The meteoric growth of the IFB church movement in the 1960s-1980s was largely driven by people praying the sinner’s prayer and asking Jesus into their hearts. While new Christians were expected to live according to the Bible’s teachings (as interpreted by their pastors), this was not a requirement for salvation. Hutson told me that I was preaching “works salvation.” Expecting or demanding people to obey the Bible and its teachings was, in his mind, a false gospel.
According to the many IFB preachers, Christians can and do “sin,” but this in no way affects their standing with God. Christians may be backslidden, out of fellowship with God, or living carnal/worldly lives, but they are eternally and forever saved no matter what they say or do. These sinning Christians might be punished by God for their disobedience (I say “might” since is evident, at least to me, that sinning Christians are rarely, if ever, punished/chastised by God) or lose rewards in Heaven after they die (receiving a log cabin next door to Donald Trump instead of a mansion next door to the Apostle Paul), but their eternal destiny is never at risk.
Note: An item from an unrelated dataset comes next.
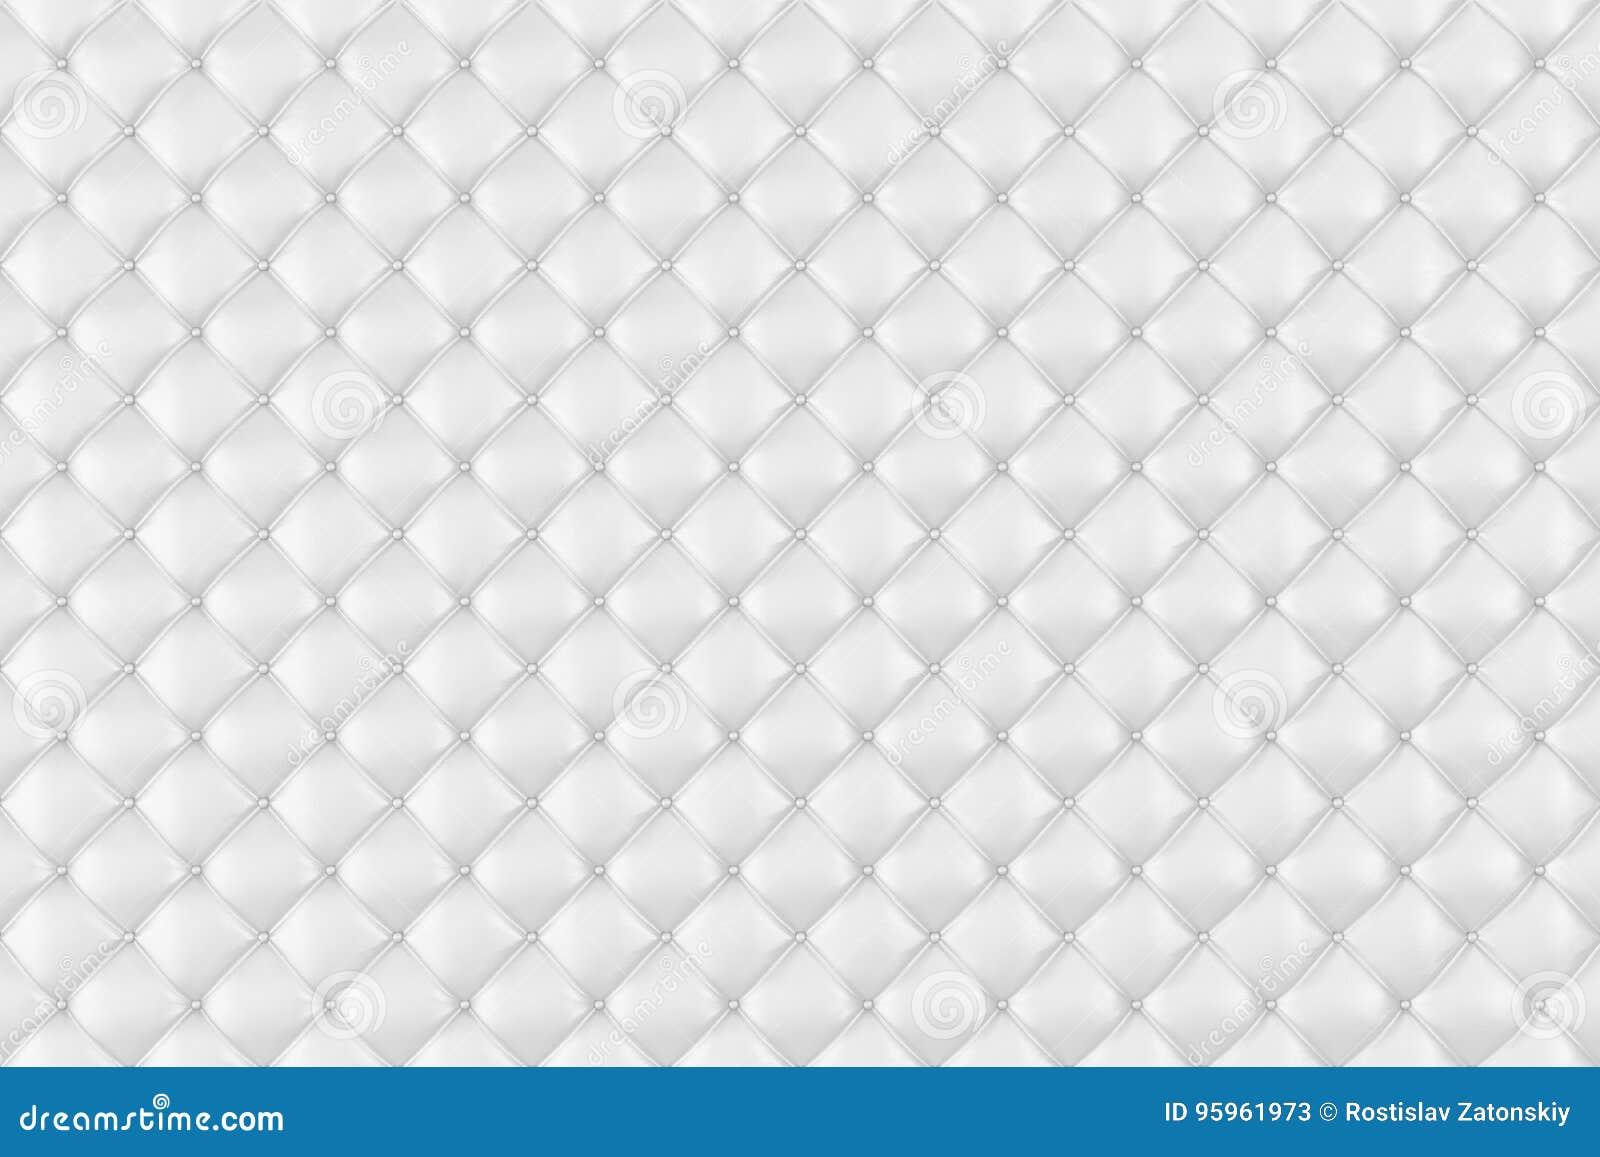 03fa218ab6f1 Läderstoppning Sofa Background Vit lyxig garneringsoffa Elegant textur för  vitt läder med knappar för modell

Key to this soteriological system is the belief that any sin committed by a Christian can be forgiven and expunged simply by praying, confessing your sins, and asking Jesus to forgive you. And I mean ANY! No sin is beyond the grace and forgiveness of Jesus. (If we confess our sins, he is faithful and just to forgive us our sins, and to cleanse us from all unrighteousness. 1 John 1:9) And once forgiven, the slate is wiped clean and the sin is remembered no more. If God forgave a person’s sin, then their fellow Christians should do the same. Forgive, forget, and move on. And most of all pretend the “sin” never happened.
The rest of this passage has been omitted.